- Born: William Arthur Hilliard May 28, 1927 Chicago, Illinois, U.S.
- Died: January 16, 2017 (aged 89) Portland, Oregon, U.S.
- Education: Benson Polytechnic High School; Pacific University;
- Occupations: Editor, writer, journalist

= William A. Hilliard =

American journalist (1927–2017)

William Arthur Hilliard (May 28, 1927 - January 16, 2017) was an American journalist. He was editor of The Oregonian, the major daily newspaper in Portland, Oregon, from 1987 to 1994 and was that newspaper's first African-American editor. He was also president of the American Society of Newspaper Editors in 1993–94.

==Early life and education==
Hilliard was born on May 28, 1927, in Chicago, but lived in Arkansas until age 8, then moving to Portland, Oregon. As a youth, he applied for a job as a newspaper delivery boy for The Oregonian, but his application was rejected out of concerns that having a black delivery boy would not be acceptable to the paper's white subscribers. He graduated from Benson Polytechnic High School, where he had worked on the school newspaper, and spent a year in the U.S. Navy after being drafted at the end of the Second World War.

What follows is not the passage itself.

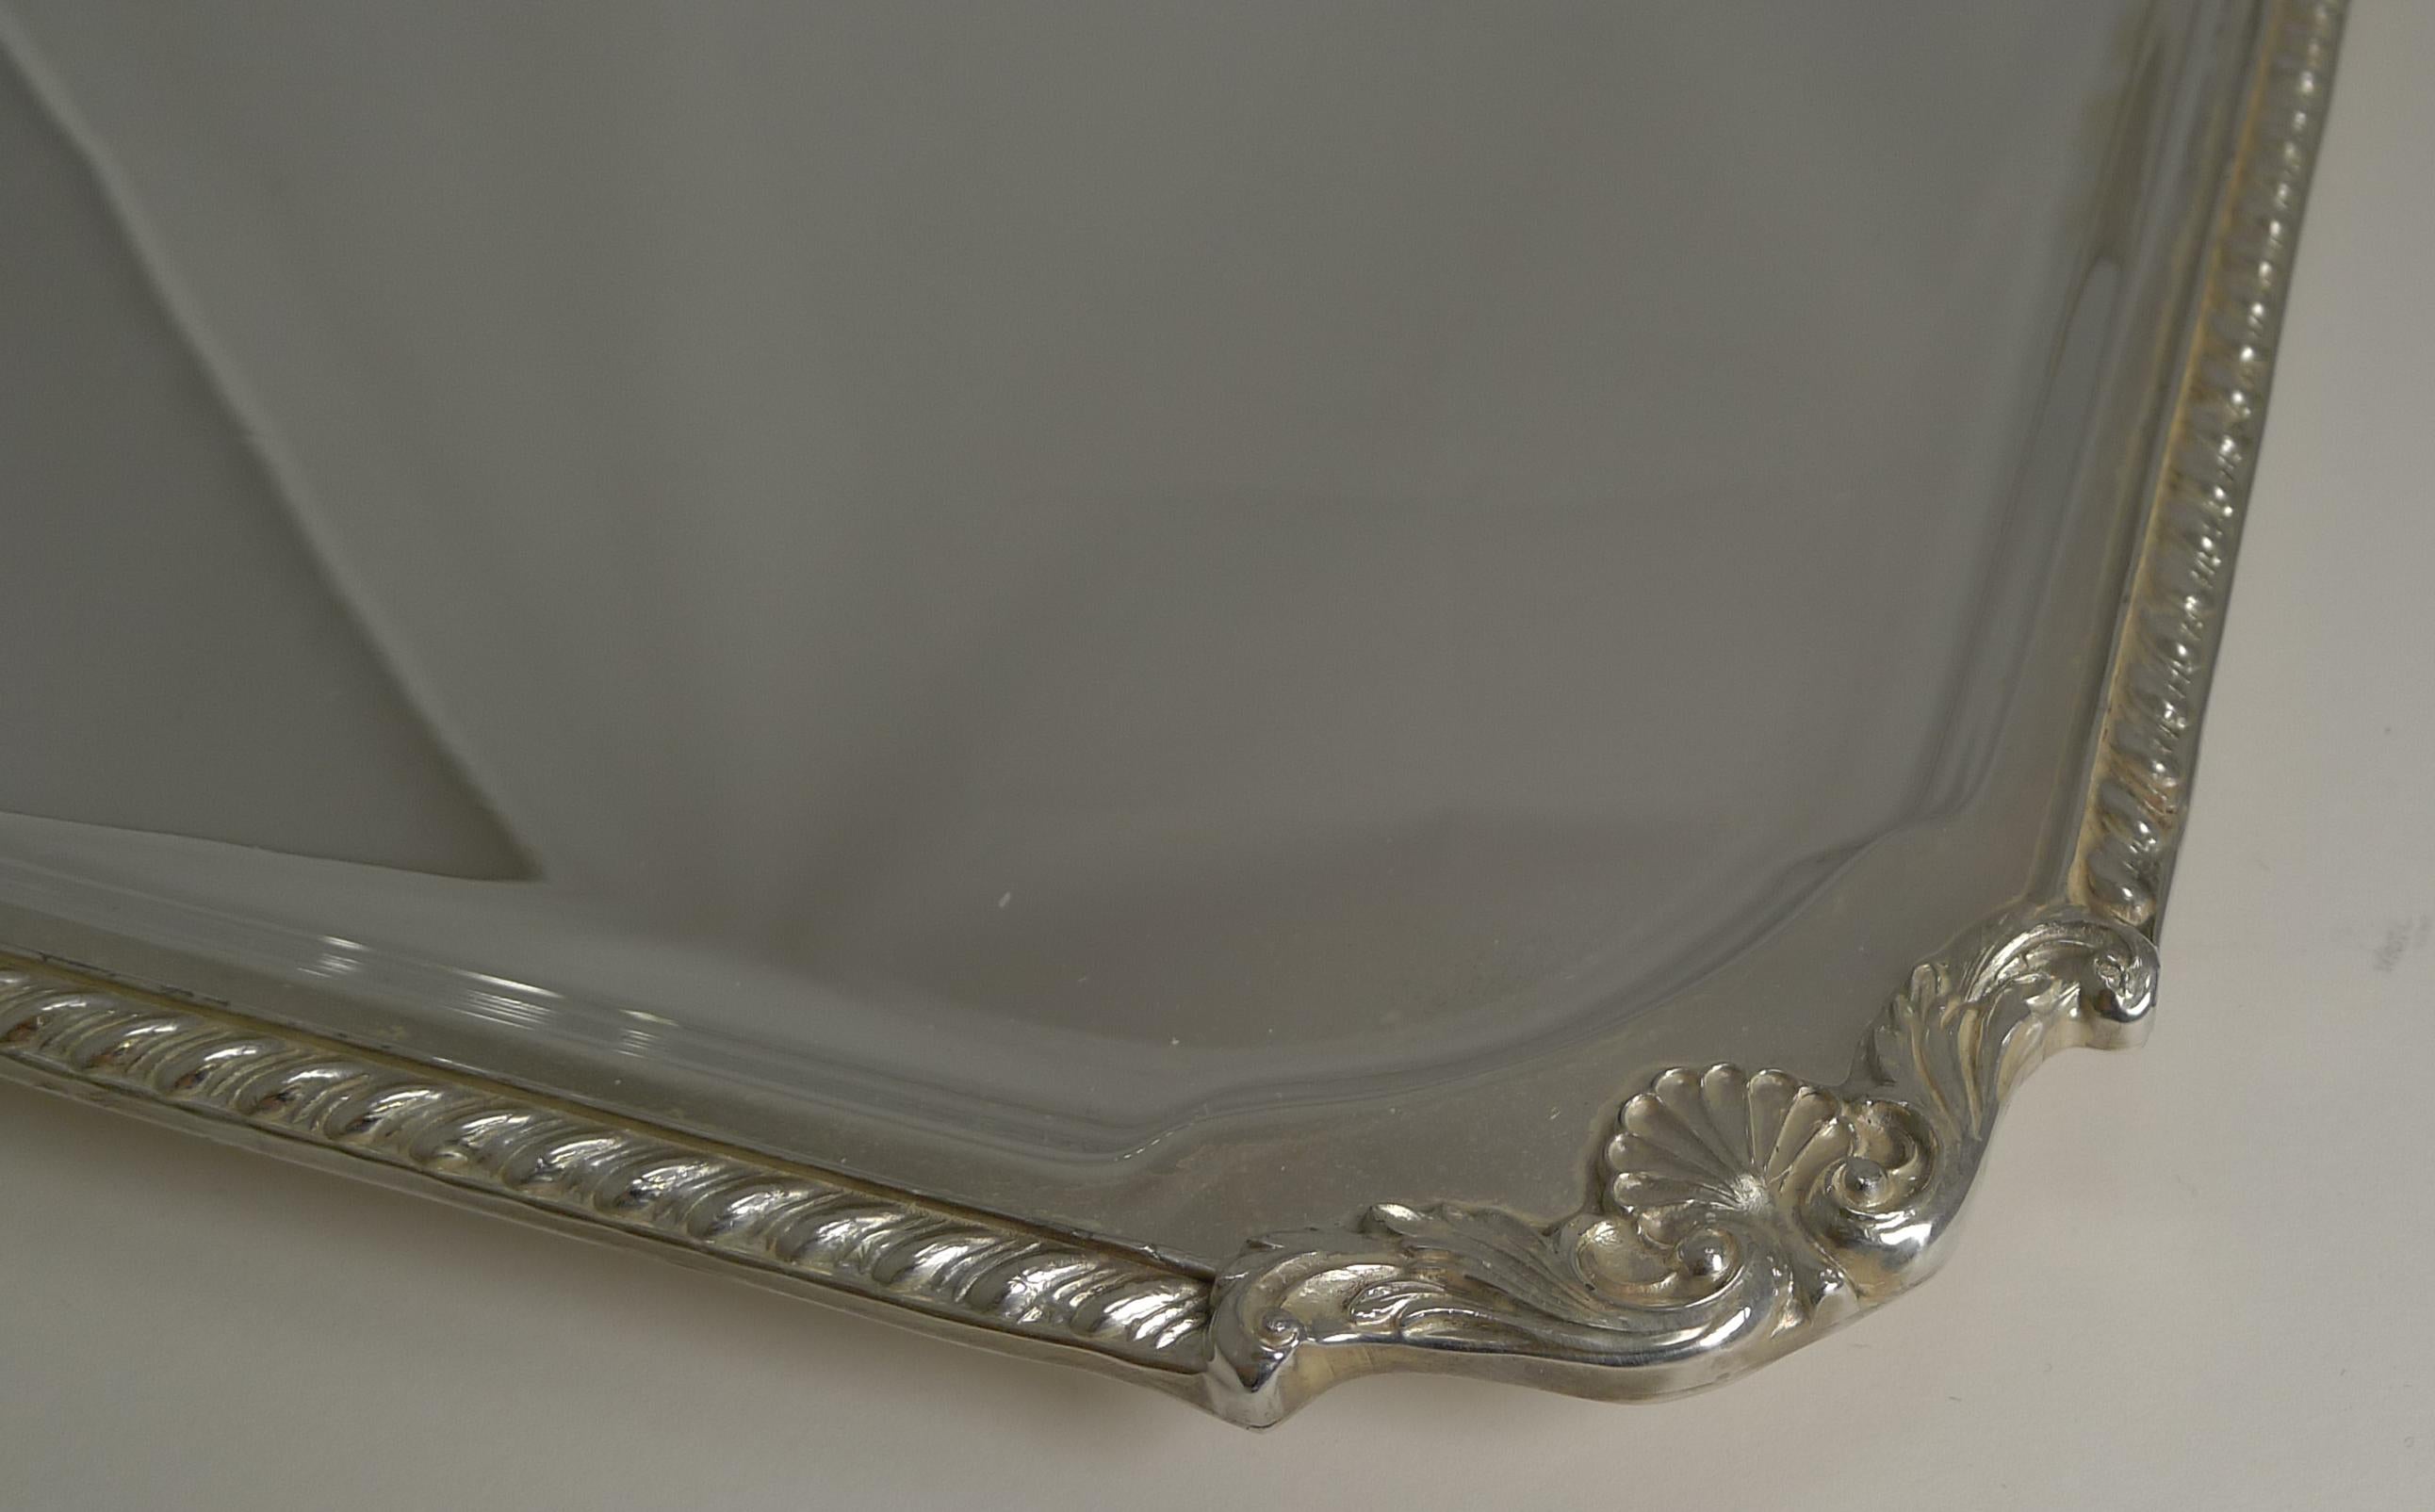 Edwardian Large Antique English Silver Plated Cocktail Tray / Salver by Mappin & Webb

Hilliard studied journalism at Vanport College (now Portland State University) and then the University of Oregon, before transferring in 1950 to Pacific University, in Forest Grove, from which he graduated in 1952 with a degree in journalism. While at Pacific, he was managing editor of the university's then-weekly newspaper, The Pacific Index, starting in December 1950, and was the paper's elected editor for the 1951–52 school year.

==Career==
After leaving Pacific University, Hilliard started the Portland Challenger, a weekly publication targeted at the local black population. He was publisher and editor until it ceased publication a year and a half later. He took a job as a copy boy at The Oregonian with the hope of eventually becoming a general assignment reporter.

Hilliard worked at The Oregonian from 1952 to 1994, starting as a copy boy, and then rising to clerk, sports reporter, religion and general assignment reporter, and in 1965 assistant city editor. In 1971, he became city editor, and in 1982 was named executive editor. He oversaw the merging of the paper with the Oregon Journal in 1982. His first big story was the Holt Korean Babylift in 1956. When he was named city editor it was considered national news, warranting an article in Time Magazine. In 1980 he served as one of four panelists in the nationally televised debates between President Jimmy Carter and Ronald Reagan.

In 1987, Hilliard was named editor of The Oregonian, with "full control over the newspaper's news and editorial departments." He was the newspaper's first African-American editor. He introduced zoned suburban coverage and expanded coverage of minorities issues, as well as increasing the hiring of minorities by the paper. While he was editor two staffers complained to him about how the nicknames of sports teams were demeaning to Native Americans. Under Hilliard's leadership The Oregonian stopped using demeaning sports nicknames in 1992, and the newspaper also stopped identifying people by race in crime stories unless absolutely necessary.

Hilliard served as president of the American Society of Newspaper Editors (ASNE) in 1993–94, the first African-American to be elected to that position. In 1993, he was given the President's Award of the National Association of Black Journalists, which called him a role model. He remained editor of The Oregonian until retiring in 1994, although during the last year of his tenure with the paper he gave his designated successor, executive editor Sandra M. Rowe, effective control of the editor's duties and focused his attention on ASNE duties.

In 1998, Hilliard was given the Oregon Newspaper Hall of Fame Award by the Oregon Newspaper Publishers Association.

In 2002, when it was discovered that USA Today reporter Jack Kelley had fabricated some of his stories, USA Today turned to Hilliard, along with veteran editors John Seigenthaler Sr. and Bill Kovach, to monitor the investigation.

==Death==
Hilliard died on January 16, 2017, in Portland, of congestive heart failure, at the age of 89.